The program comprises two parts, PowerDesk and ExplorerPlus. The PowerDesk component supplies quick access to programs and displays monitors for disk usage, CPU utilization and so forth. My favorite component, ExplorerPlus, is a superb Windows Explorer replacement. It lets you do all the standard tasks (copy a disk, rename files, set a file's date/time stamp and add folders). But it also allows you to view files in two panes arranged either horizontally or vertically. Competitors like Norton's File Utilities and Drag and File run two copies of their program and then arrange the windows, wasting precious screen space.

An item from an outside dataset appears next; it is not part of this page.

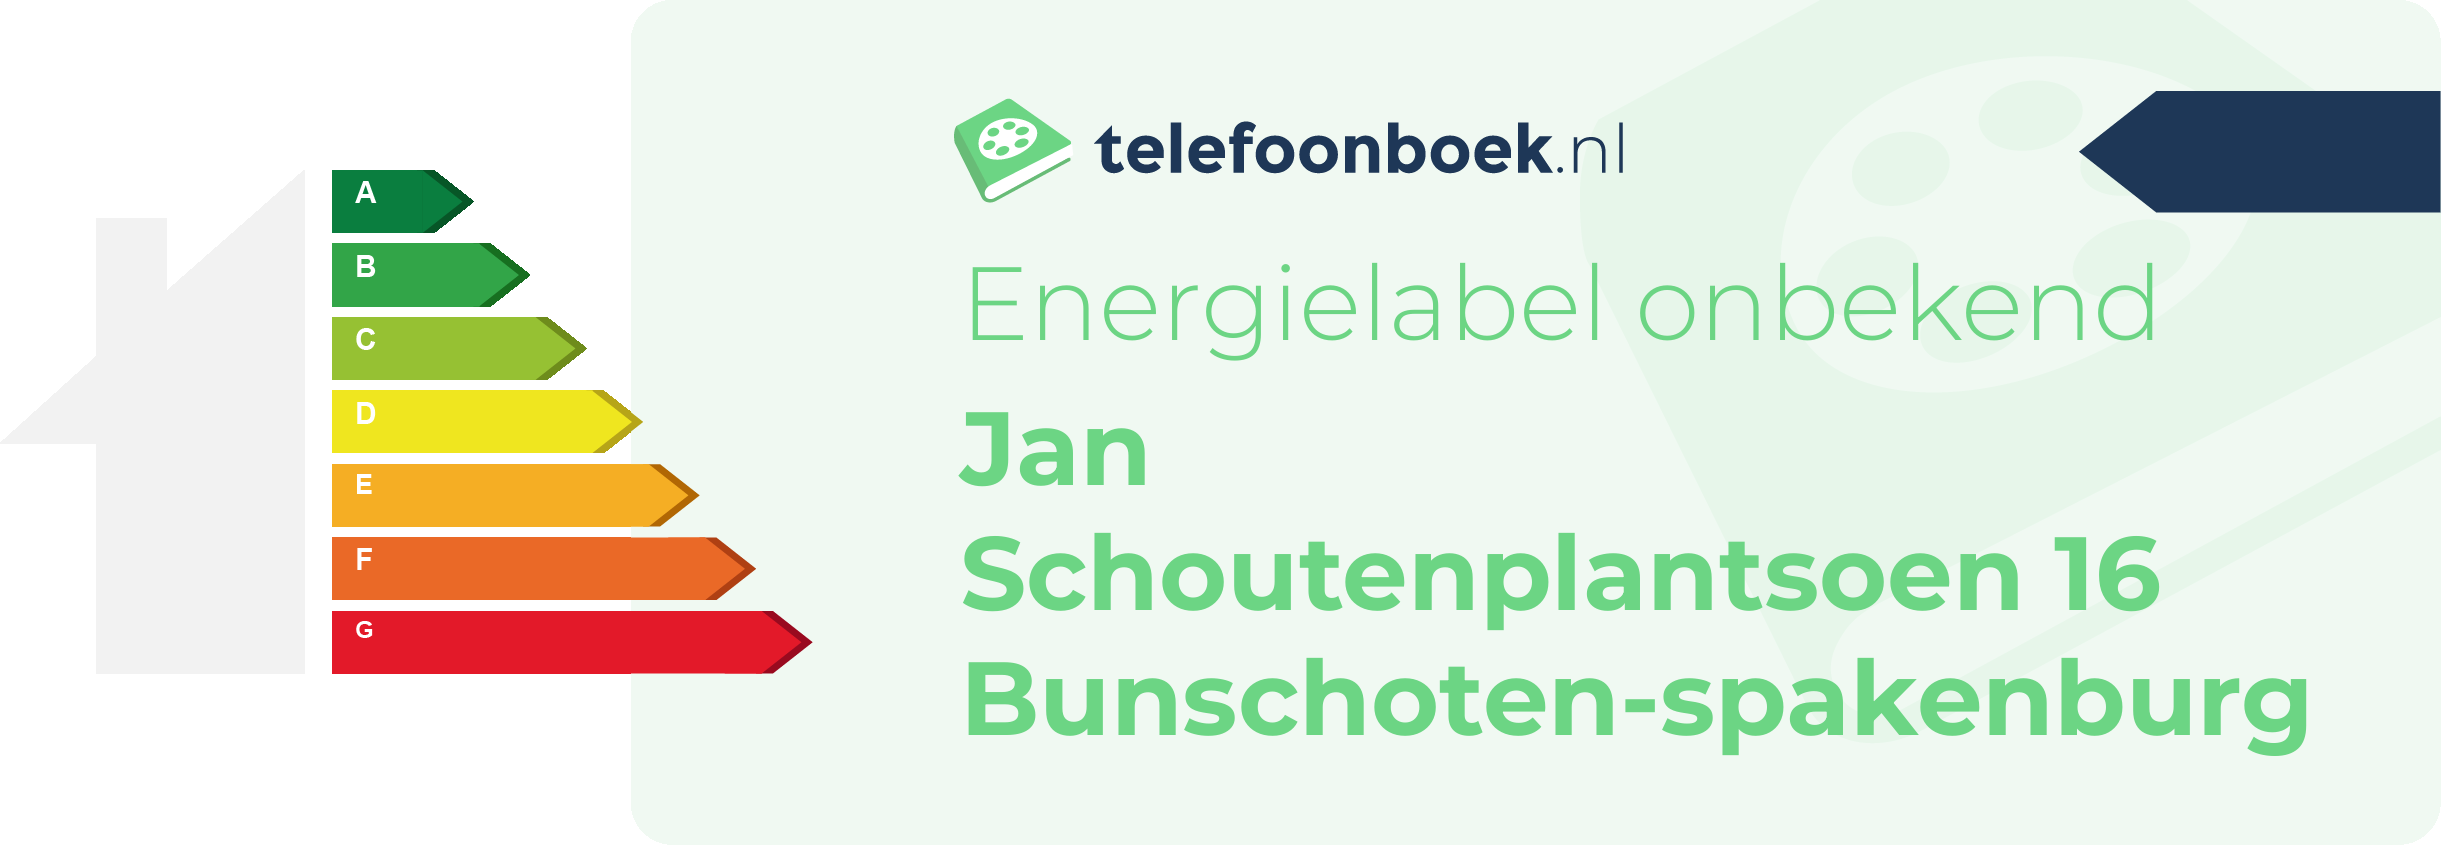 Energielabel Jan Schoutenplantsoen 16 Bunschoten-Spakenburg

PowerDesk adds the ability to print a folder tree or file list, as well as set up commonly used paths and programs for quick navigation. Zip capabilities let you create Zip archives and view their contents.
You can also encrypt and decrypt files (DES encryption is provided), "destroy" files so they can't be unerased and access Start button options from the Windows 95 toolbar. You can configure font size and customize PowerDesk's toolbar with buttons for the features you use most; PowerDesk added 30 more buttons to the customization set.
Rounding out the new features is a toolbar called the Launchbar. It lets you add buttons to run your favorite programs. Predefined buttons run the new File Find utility (not significantly better than Win95's own), start Size Manager (to graphically view the size of a folder and all its subfolders) or run the Registry Editor. You can drag and drop files to the Launchbar, too.
PowerDesk's toolbar can be anchored to the top of your screen. You can configure it in many different ways, including displays of system resource usage, and system date and time. You can add buttons to launch your favorite applications or include buttons that duplicate items on your Start menu. You can access printer properties or control the print queue. Like many other products, PowerDesk's Multiview offers multiple virtual desktops for organizing your files and applications. System Access features let you change common settings, such as screen resolutions, or restart the computer in DOS mode.
PowerDesk is the one program that I simply must have running on my system.